In all honesty, if you’ve ever seen a single romantic comedy in your life, you can tell where this film is going from a mile off. It’s not much of a spoiler to comment on how this one ends because if you’ve never seen this film but have read this far, you know where it’s going. Of course these two are going to end up together. We want the clumsy, romantically-challenged Charles to find love at last, and we just as much want to see the shifty but ultimately sweet Jean be redeemed in the end. So, naturally, that’s what Preston Sturges gives us. It’s not the destination that matters here because we all know where we’re going. What matters is the trip and how we get there.
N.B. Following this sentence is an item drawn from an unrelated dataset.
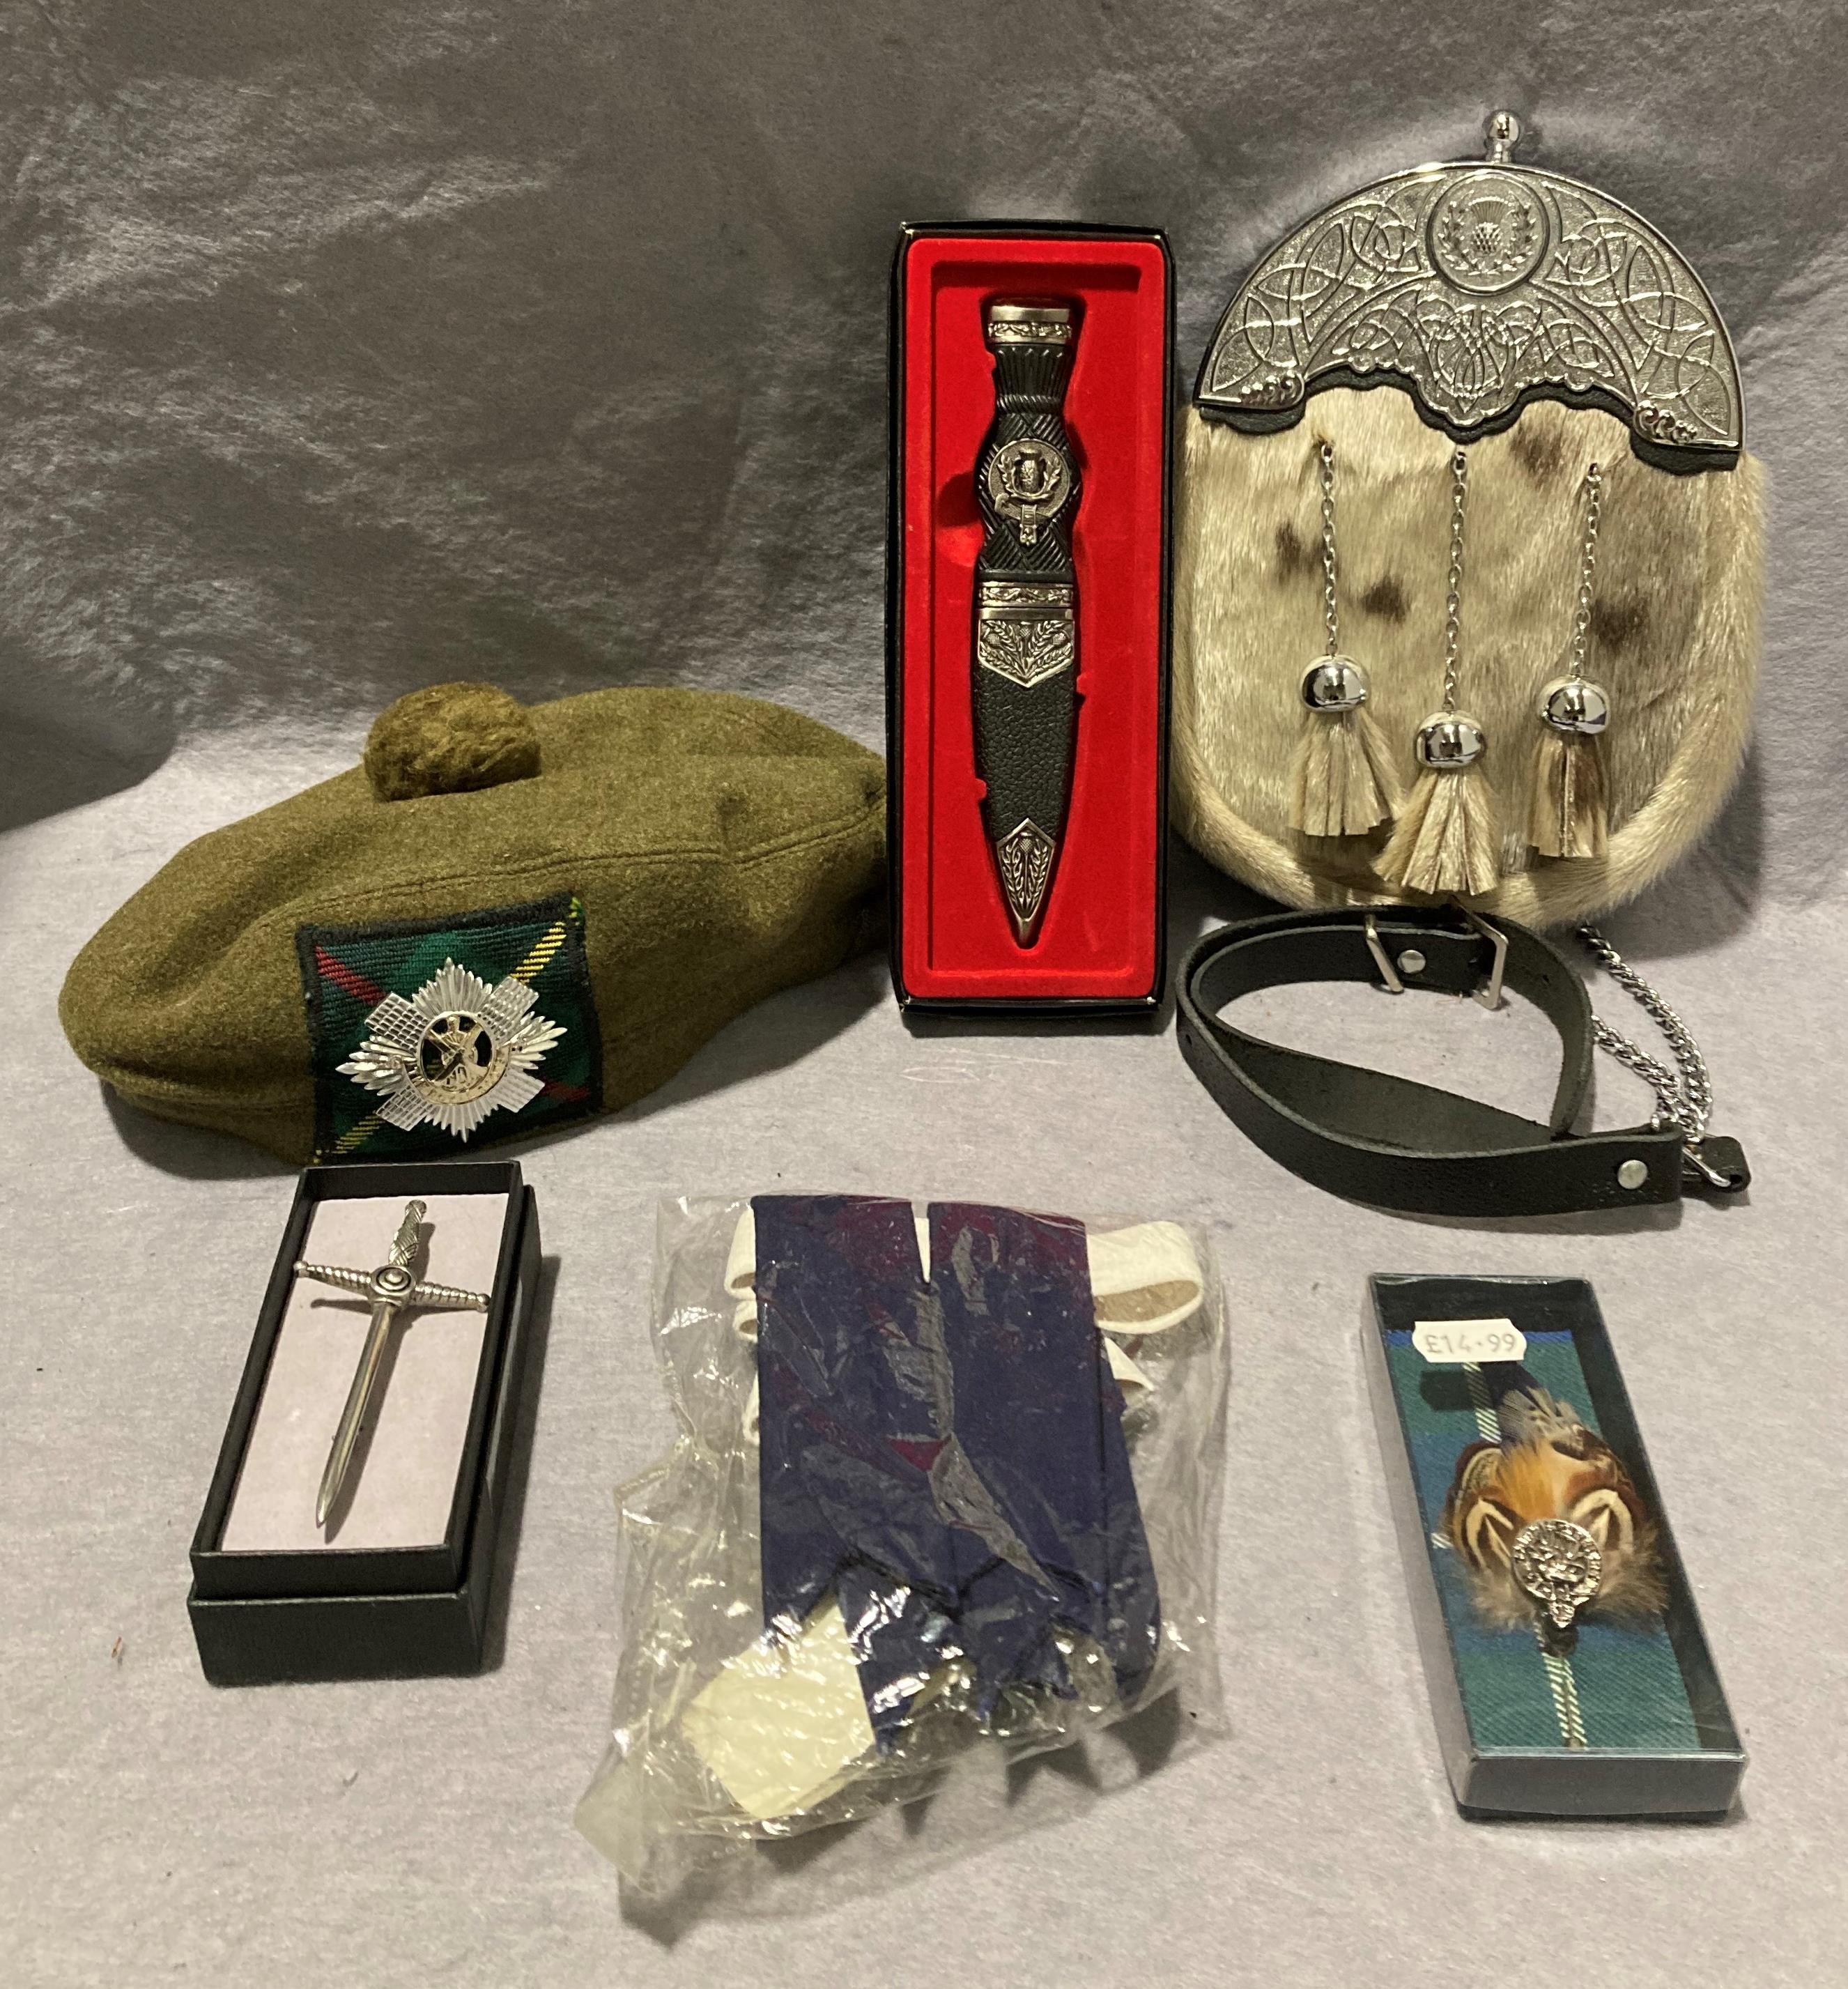 Contents to box - a Greenland seal and real leather Scottish sporran, sword kilt pin,
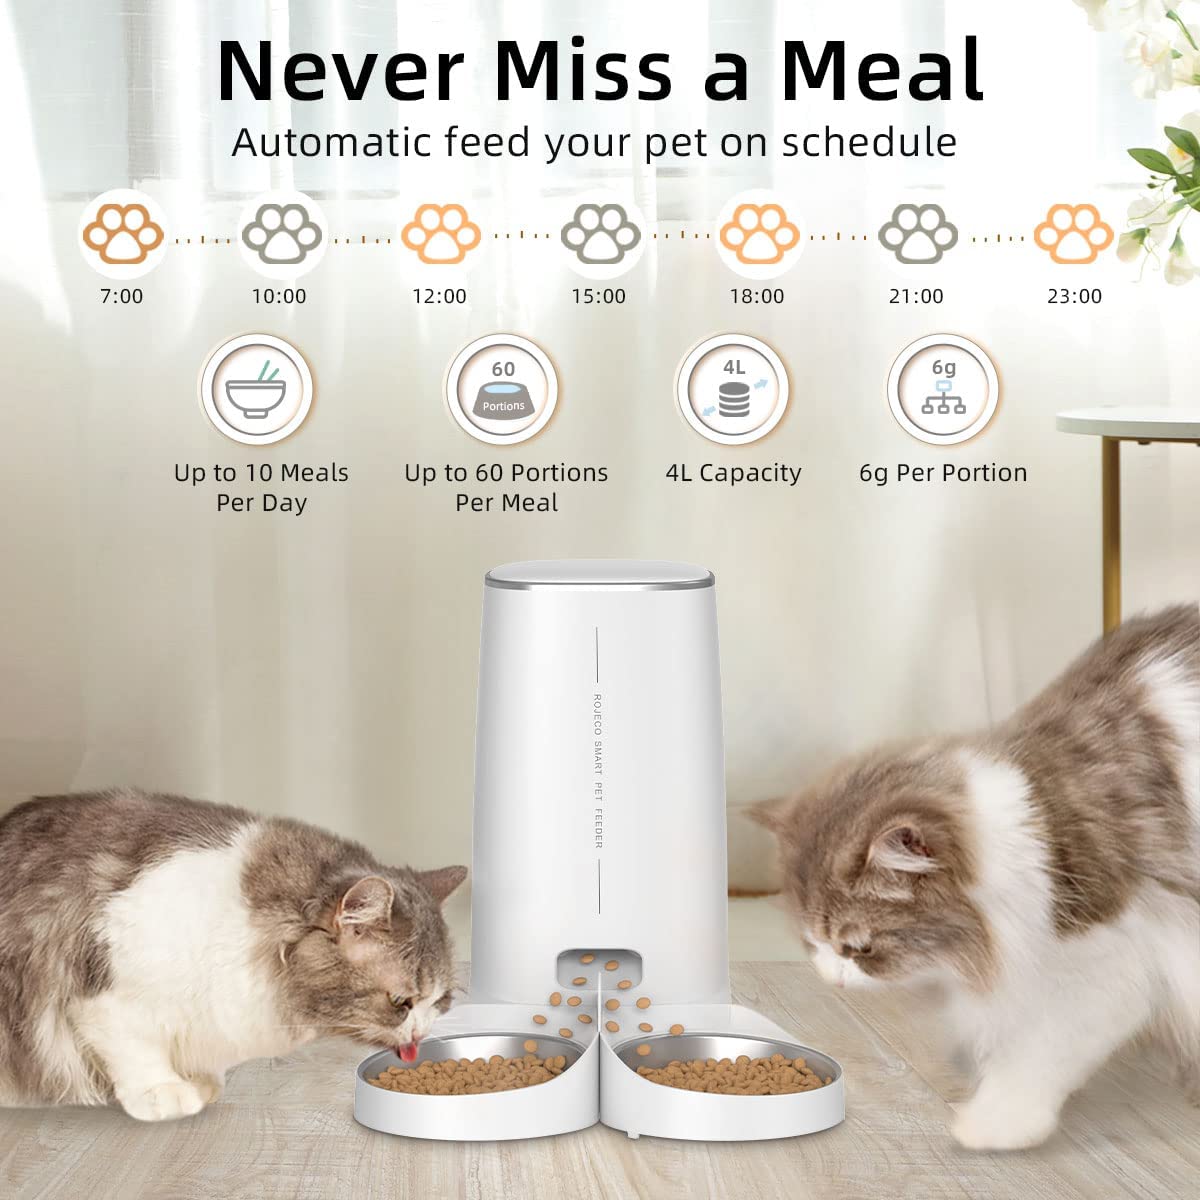 ROJECO WiFi Automatic Cat Feeder Pet Smart Cat Food Kibble Dispenser Remote Control Auto Feeder For Cat Dog Dry Food

And it should be no shock that for me, one of the joys of getting there is the performance by Barbara Stanwyck. The reason it’s such a great role, though, and such a great performance is that in virtually every scene, it’s evident to us that she is saying one thing, doing another, and thinking a third—and all of this comes through in her body language and her eyes. Early in the film, she is introduced to Pike’s new rare Amazonian snake, and she panics. In the scene that follows, it’s obvious to us that she is hanging on Charles for “protection,” but actually seducing him, and really thinking about how to take him for his money. It’s perfect, because he’s so oblivious to it and we as the audience are so easily able to see it.

Another real pleasure in this film is Henry Fonda. Fonda has long been considered one of the greats of American cinema, and this film is one of the reasons why. Fonda is always remarkable in no small part because he’s so damn believable in every role. He’s sympathetic in this film as the guy who gets his heart broken. I like this character, and I like him.

Where this film succeeds more than the typical romantic comedy—particularly the modern ones in which most of the characters are pretty hateful—is that this film goes for some real depth with the characters. Jean is a cheat and a bit of a louse, but truly loves the guy, and acts the way she does because she doesn’t have another way to act. Pike’s reaction to this situation is so believable not because he acts simply like a man who has been hurt, but because he acts precisely like an inexperienced man who has been hurt. His reactions have the tenor of a man who expected everyone else to live up to his ideals and is truly disappointed for one of the first times in his life.

So, while The Lady Eve is unbelievable in many respects and classic Hollywood era extreme, it’s also brilliantly conceived and entertaining from start to finish. And, of course, it’s got miles and miles of Barbara Stanwyck, and that’s never a bad thing. And it’s worth mentioning, Eugene Pallette, who plays Pike Senior is a constant pleasure in films like this one. You may not recognize the name, but if you’ve seen films from the 1940s, you’ve seen a great deal of his work.

Why to watch The Lady Eve: Because Barbara Stanwyck and Henry Fonda are national treasures.
Why not to watch: Like all screwball romances, it’s pretty much fluff.